**Data provided:**
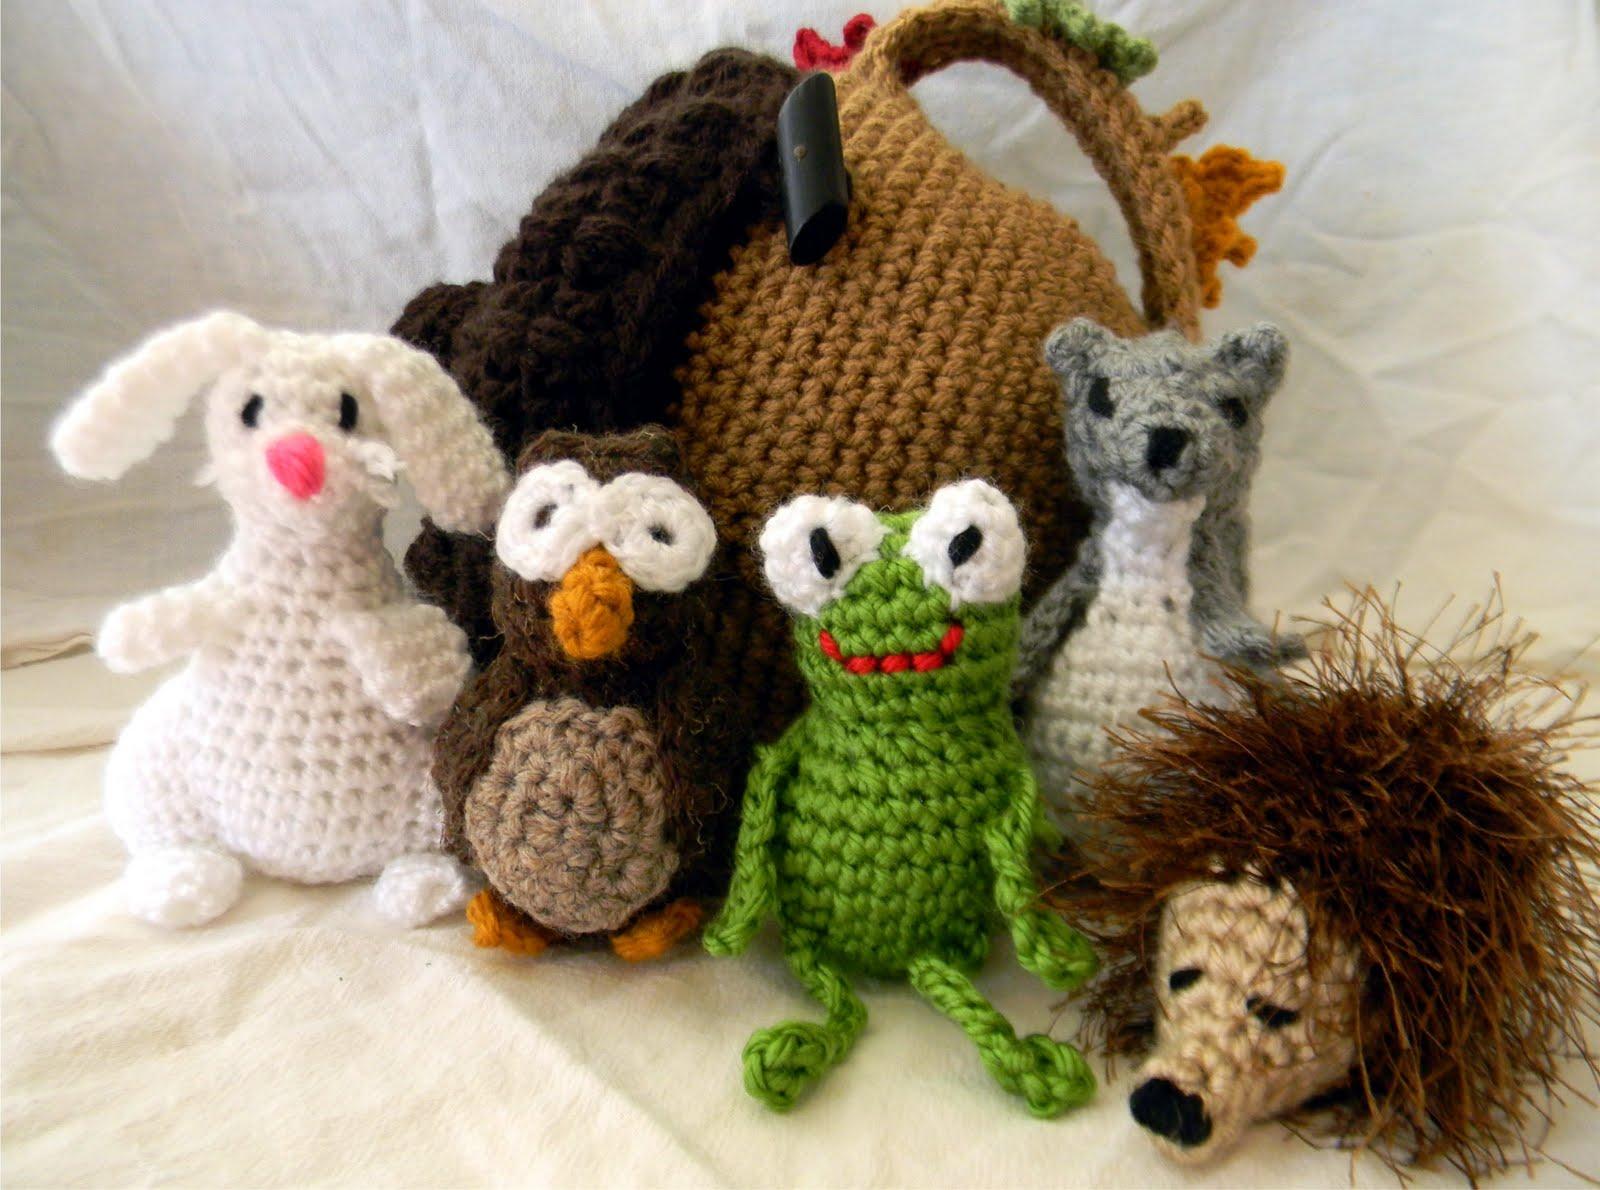 Forest Friends Amigurumi Free Crochet Patterns | Crochet patterns ... | 1190x1600
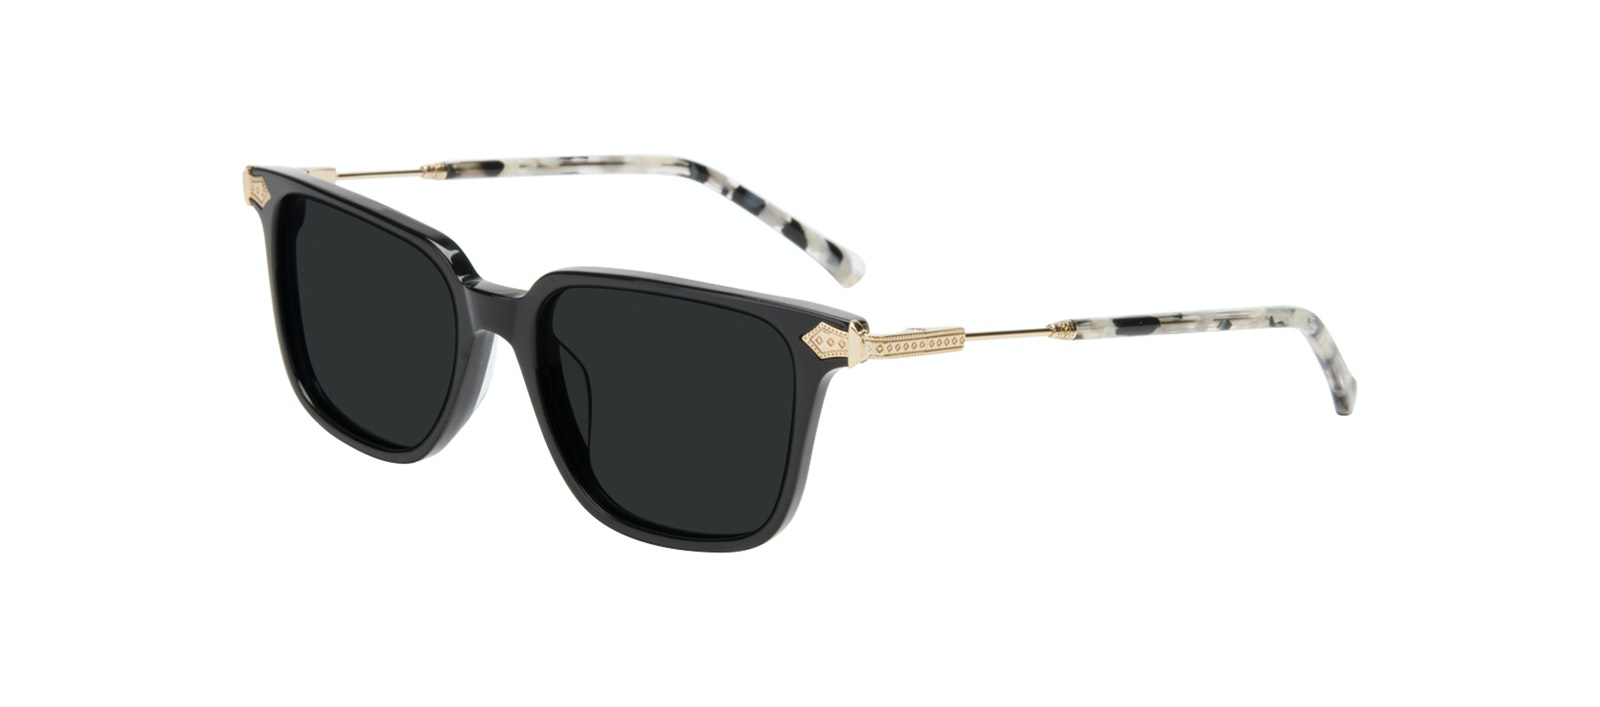 Affordable Fashion Glasses Square Sunglasses Women Twinkle Onyx Marble Tilt
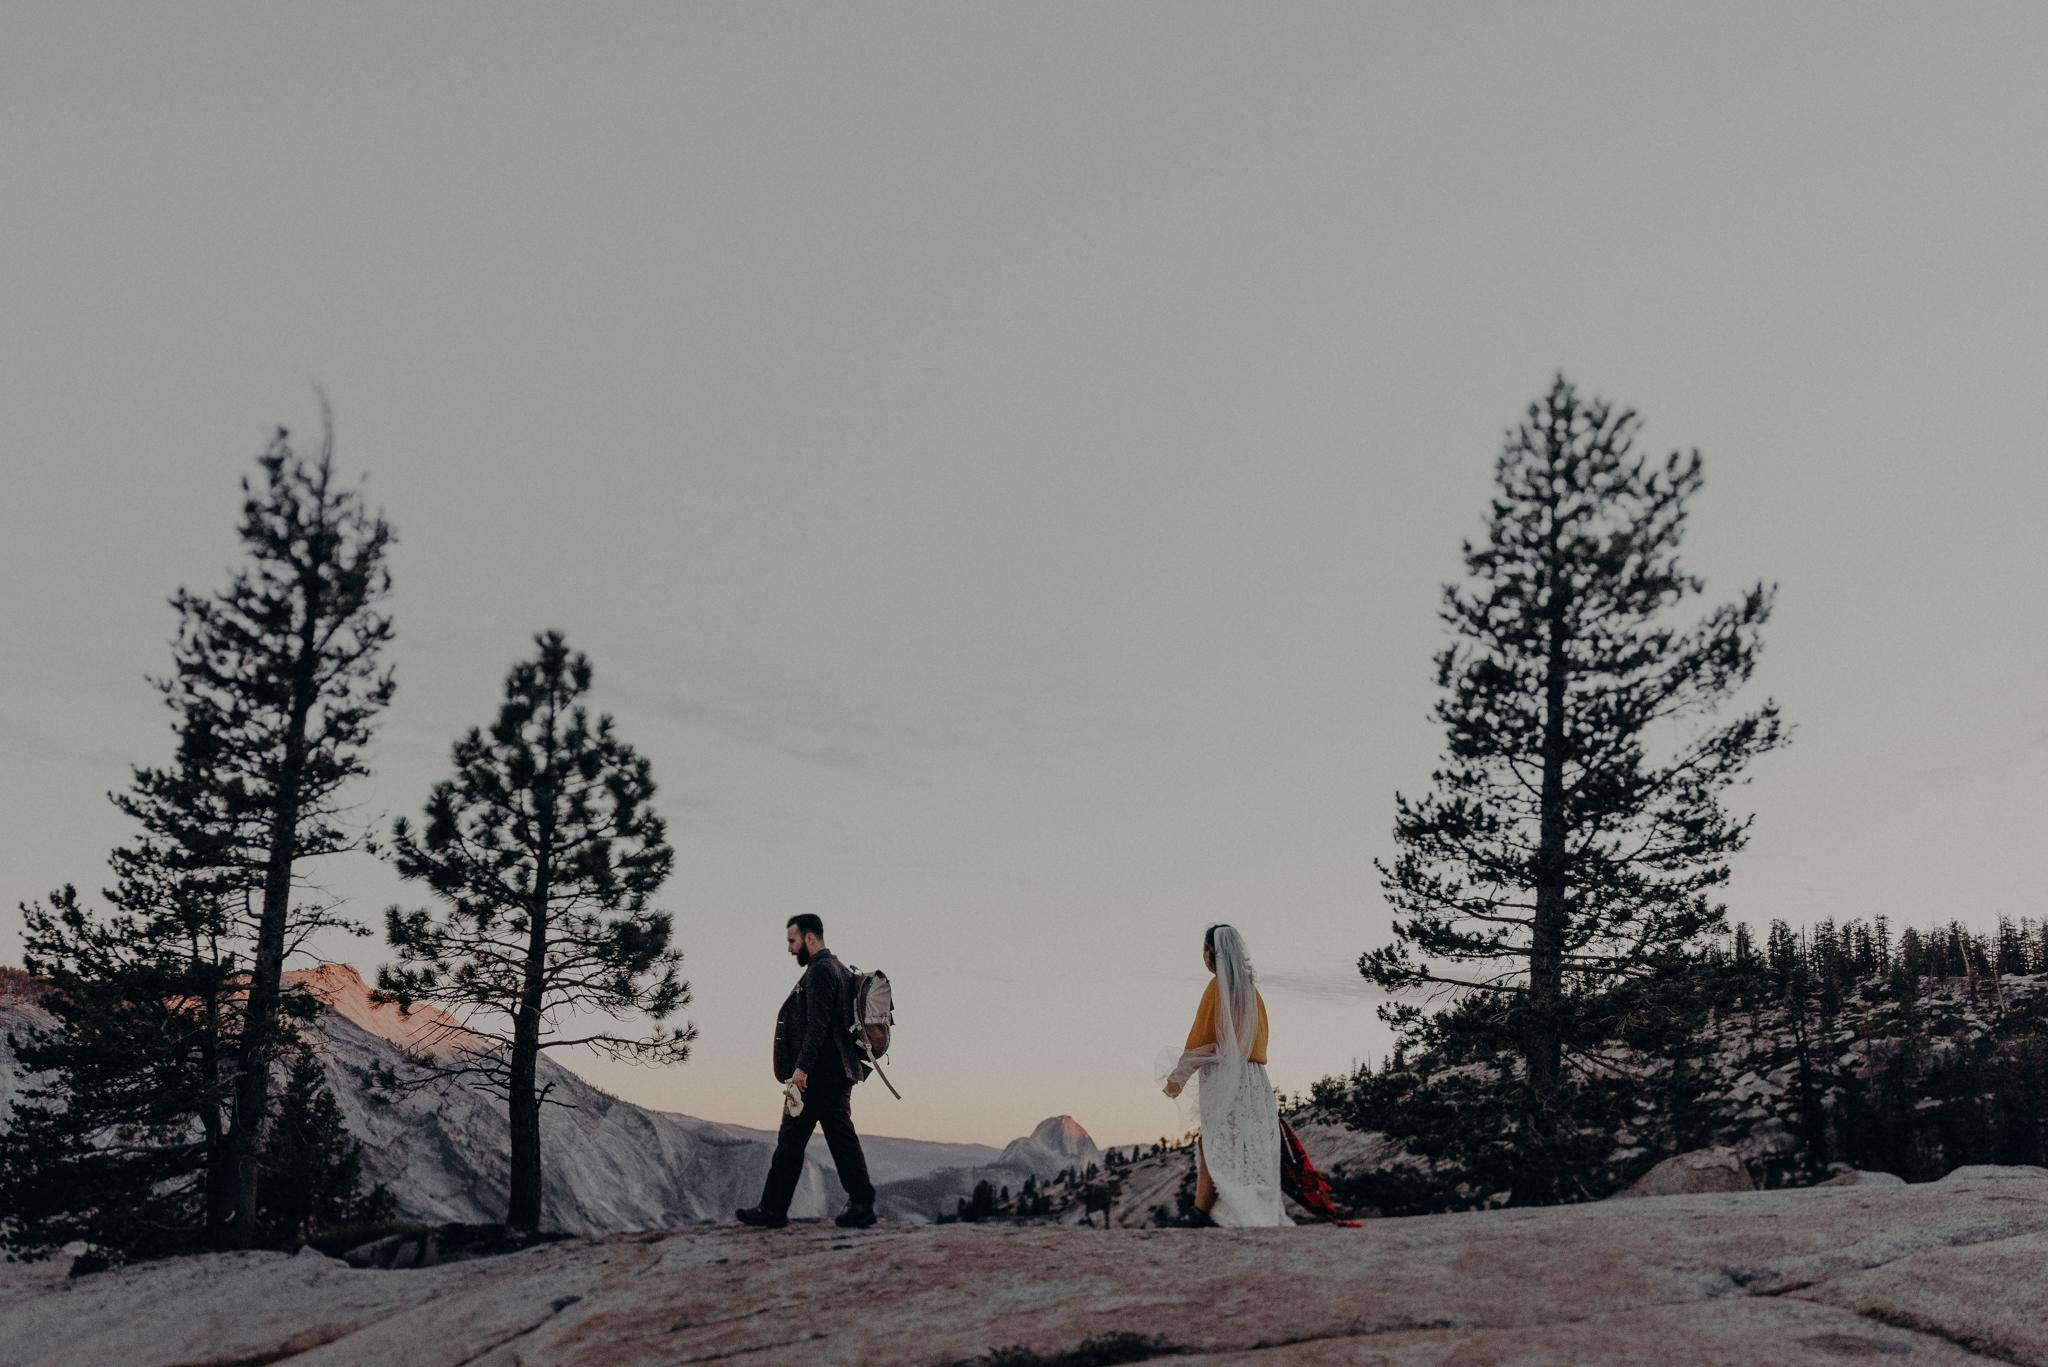 Yosemite Elopement Photographer - Evergreen Lodge Wedding Photographer - IsaiahAndTaylor.com-062.jpg

**Requirement:** The entire listing above, minus its pictures, should be copied out exactly.

**Task output:**
 Forest Friends Amigurumi Free Crochet Patterns | Crochet patterns ... | 1190x1600
 Affordable Fashion Glasses Square Sunglasses Women Twinkle Onyx Marble Tilt
 Yosemite Elopement Photographer - Evergreen Lodge Wedding Photographer - IsaiahAndTaylor.com-062.jpg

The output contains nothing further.